Ok, this hole was ALOT deeper last time we were down there...

Not much of anything right now.. Guess the water needs time to seep down in the hard ground. Also, took them w/ our phone so.... kinda crappy but..

MOV-0015.flv video by fordpower03 - Photobucket

MOV-0016.flv video by fordpower03 - Photobucket

MOV-0017.flv video by fordpower03 - Photobucket

MOV-0018.flv video by fordpower03 - Photobucket

MOV-0019.flv video by fordpower03 - Photobucket


----------



## phreebsd (Dec 16, 2004)

not too shabby. does that place lead to the creek?


----------



## Metal Man (Dec 17, 2008)

Beats setting on the couch LOL.

Give us the ride report on the new rubbers when you get a little time on them.


----------



## bayou_boy_22 (Mar 13, 2009)

Looking good.

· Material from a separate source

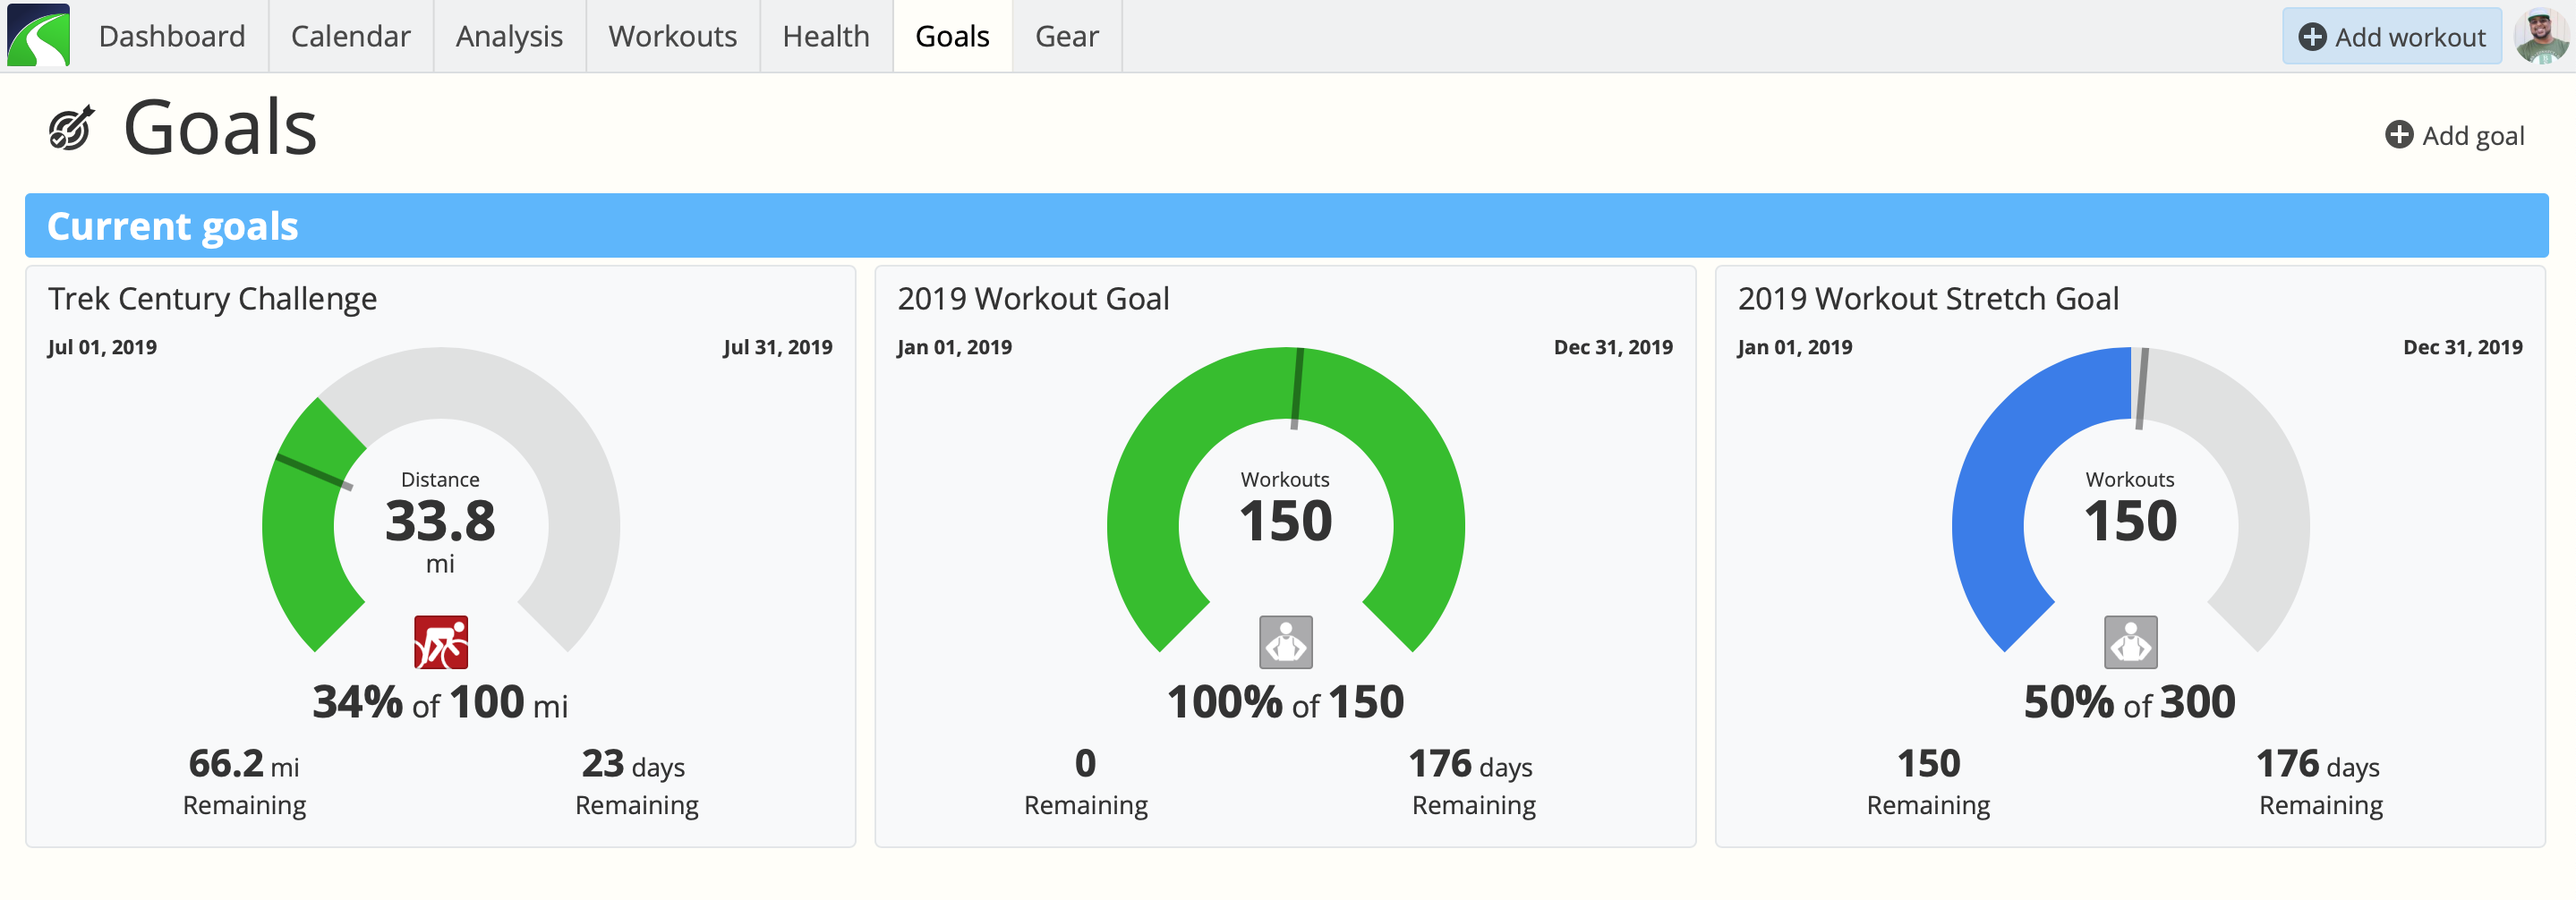 My 2019 Workout Goals

Glad to hear you are back out and about.


----------



## Polaris425 (Dec 16, 2004)

I love 'em. They pull really good. Ride smooth. I wont ever own another set of mid-range aggressive tires.


----------



## 650Brute (Dec 18, 2008)

It's nice ta play around,......


----------



## Polaris425 (Dec 16, 2004)

Yeah steve it leads to the creek. That hole use to be over the tires just water, plus mud under it. I guess w/ the months of no rain it all got so hard that the new water on top hasnt had time to seep down & soften it back up again.


----------



## RDWD (May 11, 2009)

I would like to add that I did get out of that last hole but the camera ran out of disk space. Don't want you guys thinking it can't get through a little mud.


----------



## Metal Man (Dec 17, 2008)

RDWD said:


> I would like to add that I did get out of that last hole but the camera ran out of disk space. Don't want you guys thinking it can't get through a little mud.


LOL John told us the truth....that your brute is still setting in that hole waiting for the dry season :bigok:


----------



## bayou_boy_22 (Mar 13, 2009)

:haha:


----------



## DrillersGoDeeper (Jan 3, 2009)

I wish we even had that much water around here...went riding yesterday and found 1 creek with maybe 3 ft of water. It usually is around 6-8 ft. deep...


----------



## Polaris425 (Dec 16, 2004)

yeah ours is usually just a few inches deep in most places, there are a few deeper holes where the current has washed out a hole espcially around the bends, but for the most part there's never that much water in it. Unless we get a BIG rain and all the run off is down in the creek, then it can be fender deep, and flowing so fast you cant ride against the current....


----------